- [ASSIGNMENT]
Reproduce exactly, from the line containing "Model 78 Dining Chairs, 1962", every line down to the end of the data below.

- [DATA EXTRACT]
"""
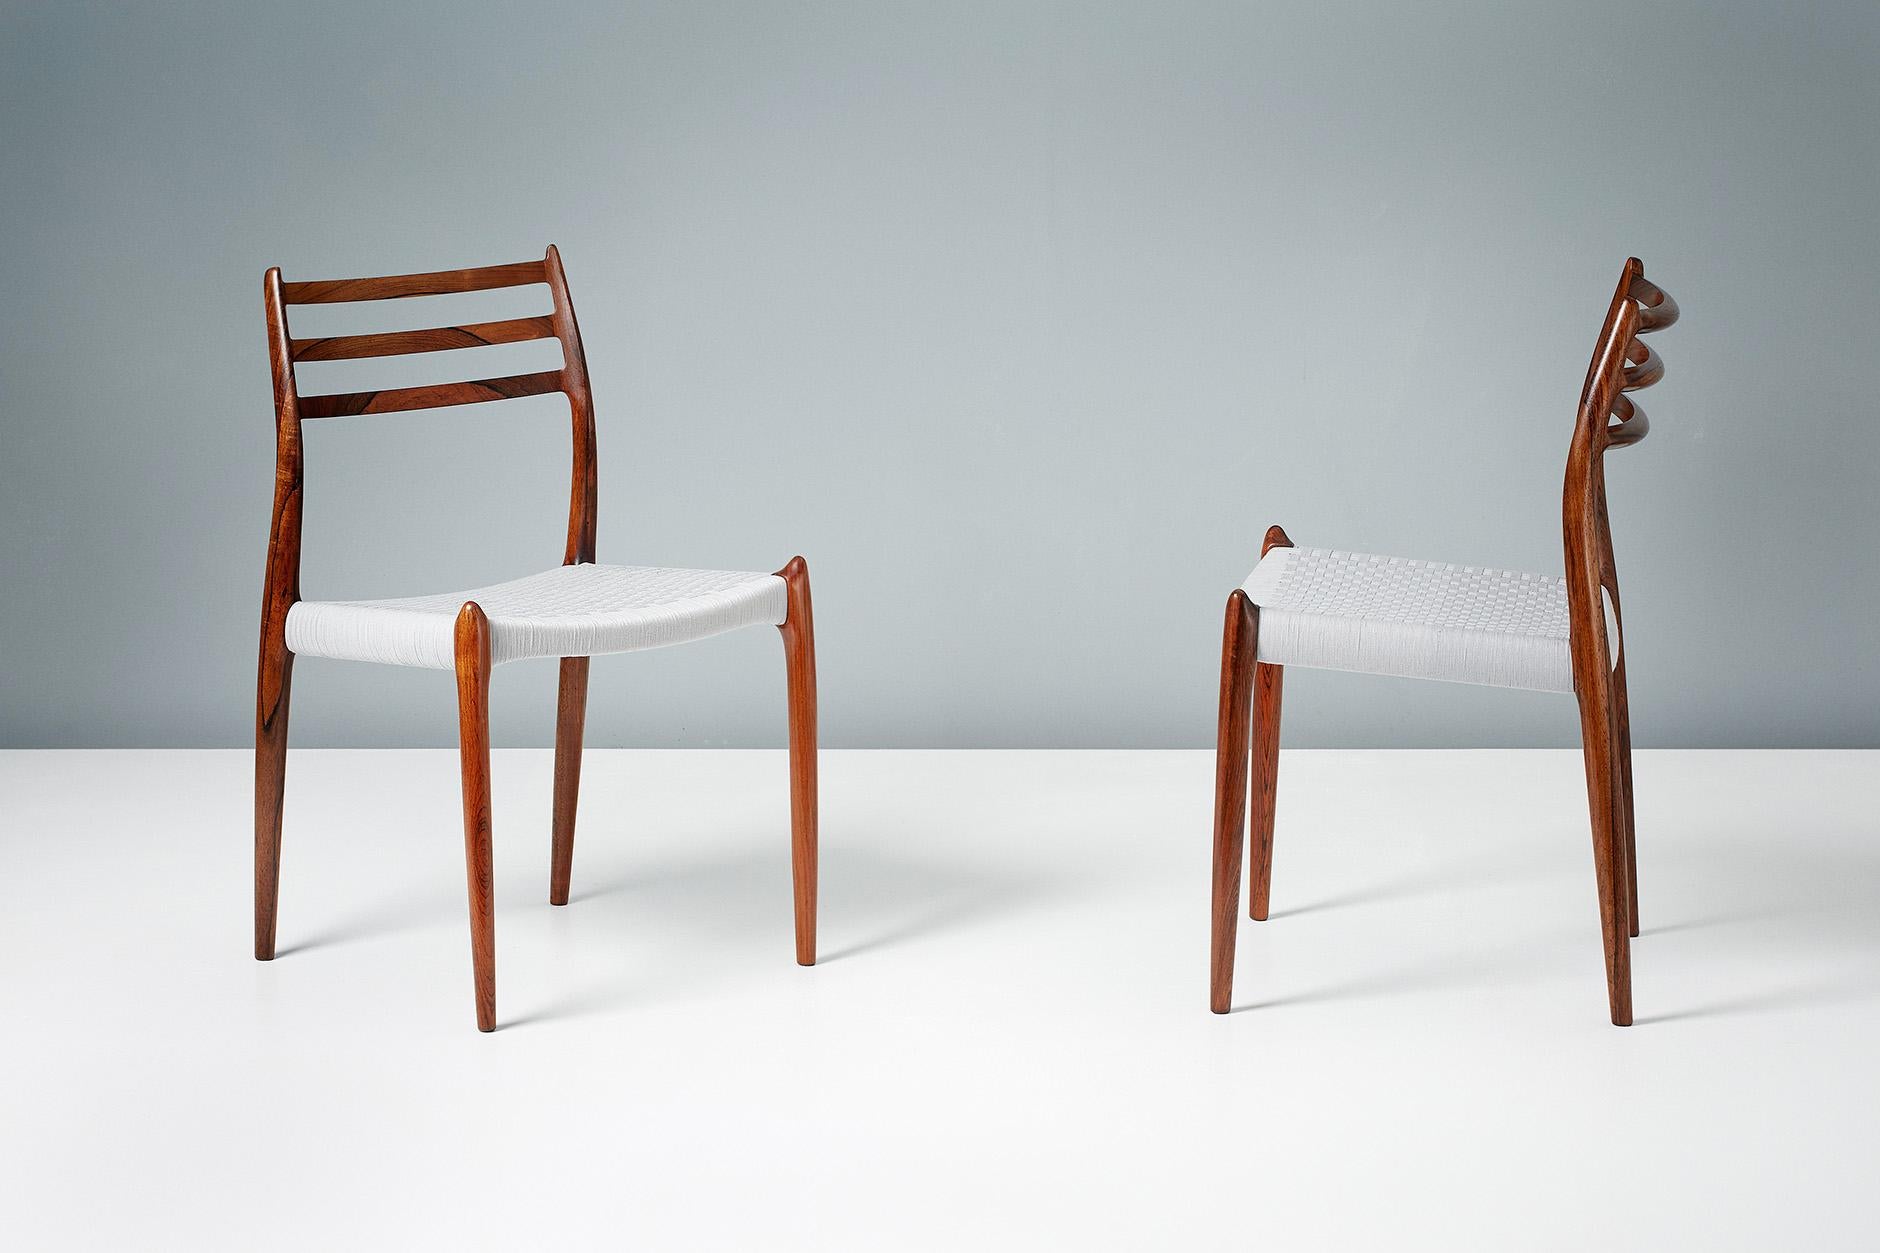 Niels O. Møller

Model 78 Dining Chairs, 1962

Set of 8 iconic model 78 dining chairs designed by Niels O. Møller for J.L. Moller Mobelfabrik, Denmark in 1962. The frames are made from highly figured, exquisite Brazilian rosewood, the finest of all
"""
- [YOUR RESPONSE]
Model 78 Dining Chairs, 1962

Set of 8 iconic model 78 dining chairs designed by Niels O. Møller for J.L. Moller Mobelfabrik, Denmark in 1962. The frames are made from highly figured, exquisite Brazilian rosewood, the finest of all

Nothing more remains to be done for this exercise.